# United States & Canada Vacations Forums > General Discussion >  >  Napa (again)...

## Dorocke

Going back in Sept. - our 4th trip in 4 years!  lol   I need one good restaurant recommendation to fill one of our nights.  I already have Bottega, Auberge, and SolBar (our resort Solage's restaurant) on the itinerary... We've been to Bouchon...  Anyone have one stellar place that fits the bill, to fill the slot?  (Sonoma okay... Healdsburg probably too far...)

----------


## JEK

We loved Ristorante Tra Vigne in St. Helena.

----------


## amyb

Red was super..in Yountville

----------


## phil62

If you're staying in Calistoga, Healdsburg is about a 30-40 minute drive and I highly recommend Dry Creek Kitchen, by Charlie Palmer.

Phil

----------


## Dorocke

I'm loving Redd!  Keep em coming... [No (more) Italian.]

----------


## JEK

Try Ad Hoc for a fun lunch.

----------


## Dorocke

Thanks, John!  Will do.  I'd been curious about that since it's part of the Bouchon/FL trifecta.  FL is already booked for the week we're there.  It's unbelievable how limited the availablility is already at 6 weeks out.

----------


## JEK

Try 6 months out.

----------


## marybeth

Another vote for Dry Creek Kitchen....or Barndiva....if you feel like the drive to Healdsburg.  We also had a lovely lunch at Brix just outside of Yountville.  The grounds are just beautiful.

----------


## noel

If you haven't made plans in advance for dinner, Bistro Don Giovanni is one of our favorites and doesn't require a lot of planning.  We've made reservations the same day.

----------


## BrynB

Terra in St. Helena is great, and Press is fantastic as well.

----------


## Dorocke

Been to Press... we had our Welcome dinner there for our wedding.  Thanks, guys!  I will check out Terra and Bistro.  (I know Brix as we had looked at it for our wedding location.)  I have a res-y right now at Redd... And Farm at the Carneros Inn looks pretty fabulous.

----------


## Jeanette

We also enjoyed dinner at Redd which was highly recommended by Dennis's winemaker friends. We stayed in Yountville so it was a short stroll from our inn. 
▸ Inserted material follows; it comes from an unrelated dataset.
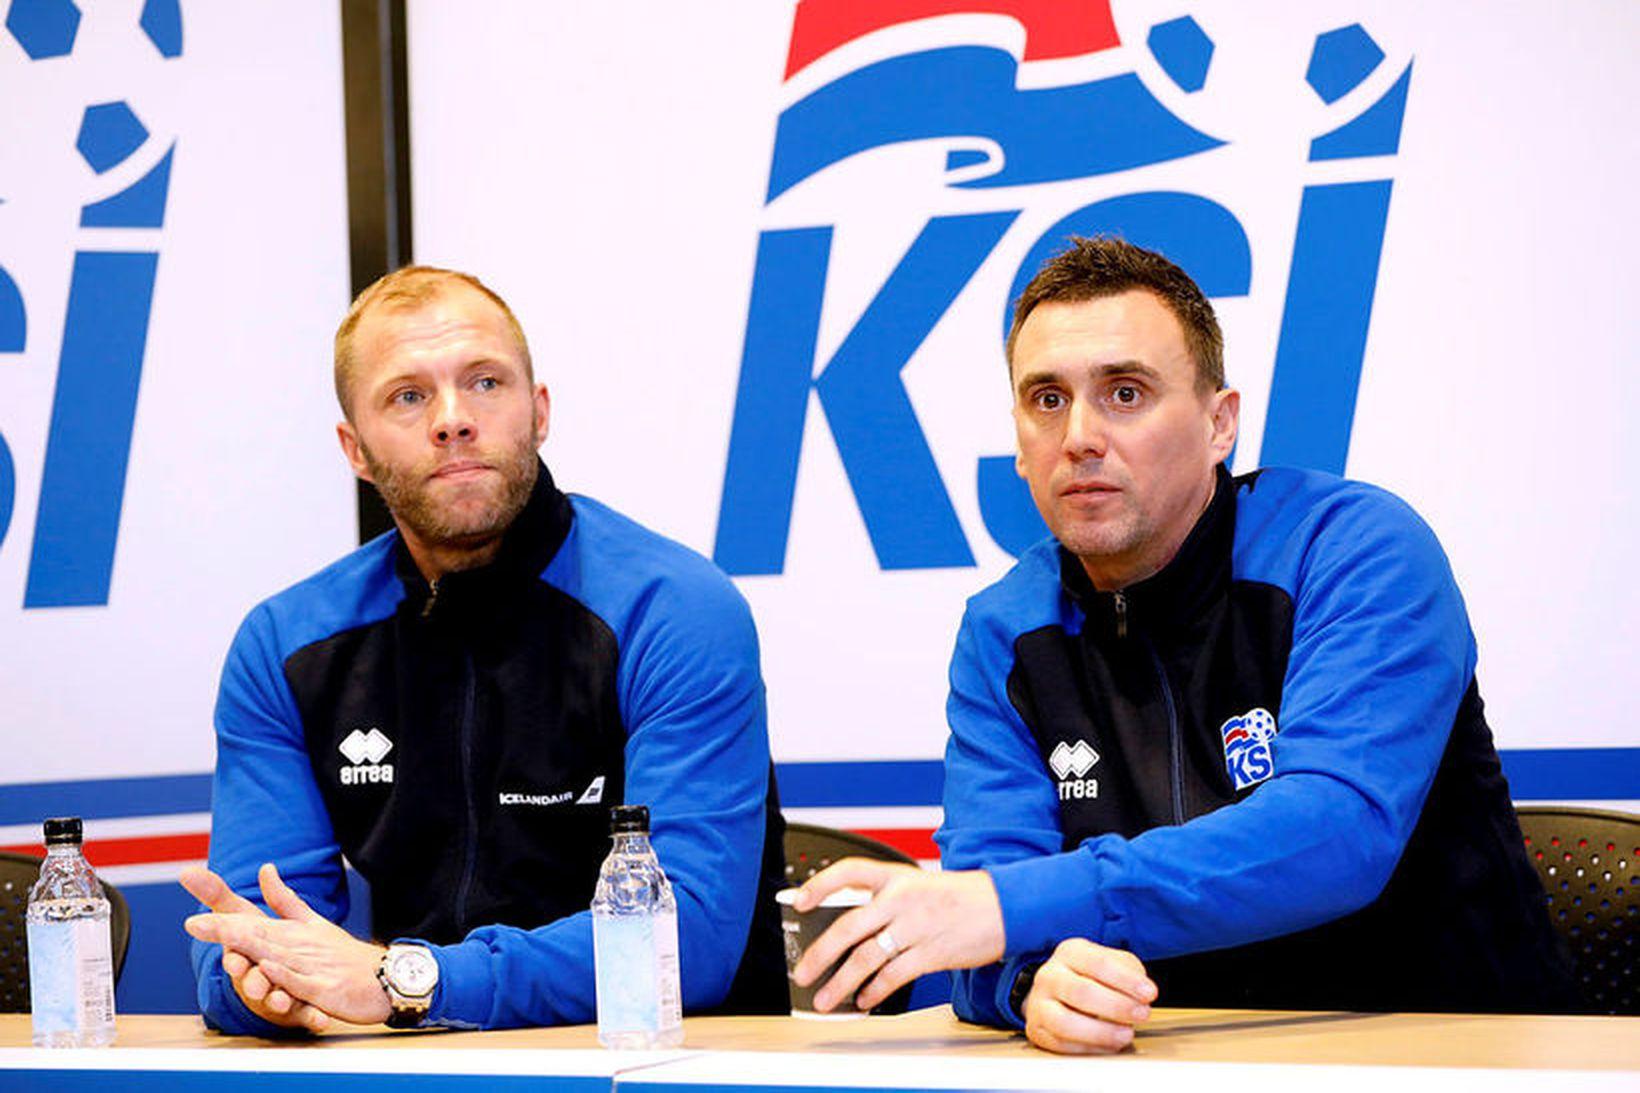 Eiður Smári Guðjohnsen og Arnar Þór Viðarsson stýra 21-árs landsliðinu.

If you really want stellar, there's always the French Laundry.

----------


## Dorocke

Jeanette~  It's booked solid.  I have us down for Redd!  Thanks, Ladies!

----------


## bto

Hey, Ashley, we just got back from Napa.  If your dinner plans change and you end up at Mustard's Grill, get the lemon-lime meringue pie for dessert.  Bouchon was fantastic and Cindy's Backstreet Kitchen a real treat.  Have fun!

----------


## nbs

We also enjoyed Bistro Jeanty, in Yountville.  It is a typically French bistro.

----------


## marybeth

Hi Bev!!!
Sounds like you had a great trip.  We made our first foray to wine country this June.
Hope all is well with you and yours.

mb

----------


## Dorocke

Hi Bev!  I think we've been to Cindy's for lunch... Really cute inside?  Where did you stay?  

I do need some unique wineries to try...  Here's a great link though for others headed to Napa!  
http://thirstyreader.com/the-top-fiv...e-napa-valley/

----------


## GramChop

Howdy, Bev!  I've missed your posts!  Hope all is well with you and yours.  Bisous.

----------


## bto

Hello, Ladies!  Good to hear from all of you.  
Marybeth, two years ago we did the drive down PCH like you did...fabulous....did you stop at the Hearst Castle?
Ashley, we stayed both trips at the Vintage Inn...we love it there and will be back.  Have you done the Mumm Napa tour?  We loved it.  You've been before so you may have been to these, but a few of our favorites are Merryvale, Silver Oak, Cardinale, St. Supéry, and Castillo di Amorosa is worth a look although the wines were not our favorite this time around.  So many vineyards, so little time!!
Gramchop, all is well here, hope the same for you.  Busy time in STL.  Paris trip this year?

----------


## GramChop

Bev...unfortunately, Paris and I will not reunite in 2013 (unless I get a really wild hair).  Your avatar is mighty inspirational, however!  Busy as well pour moi in Austin! 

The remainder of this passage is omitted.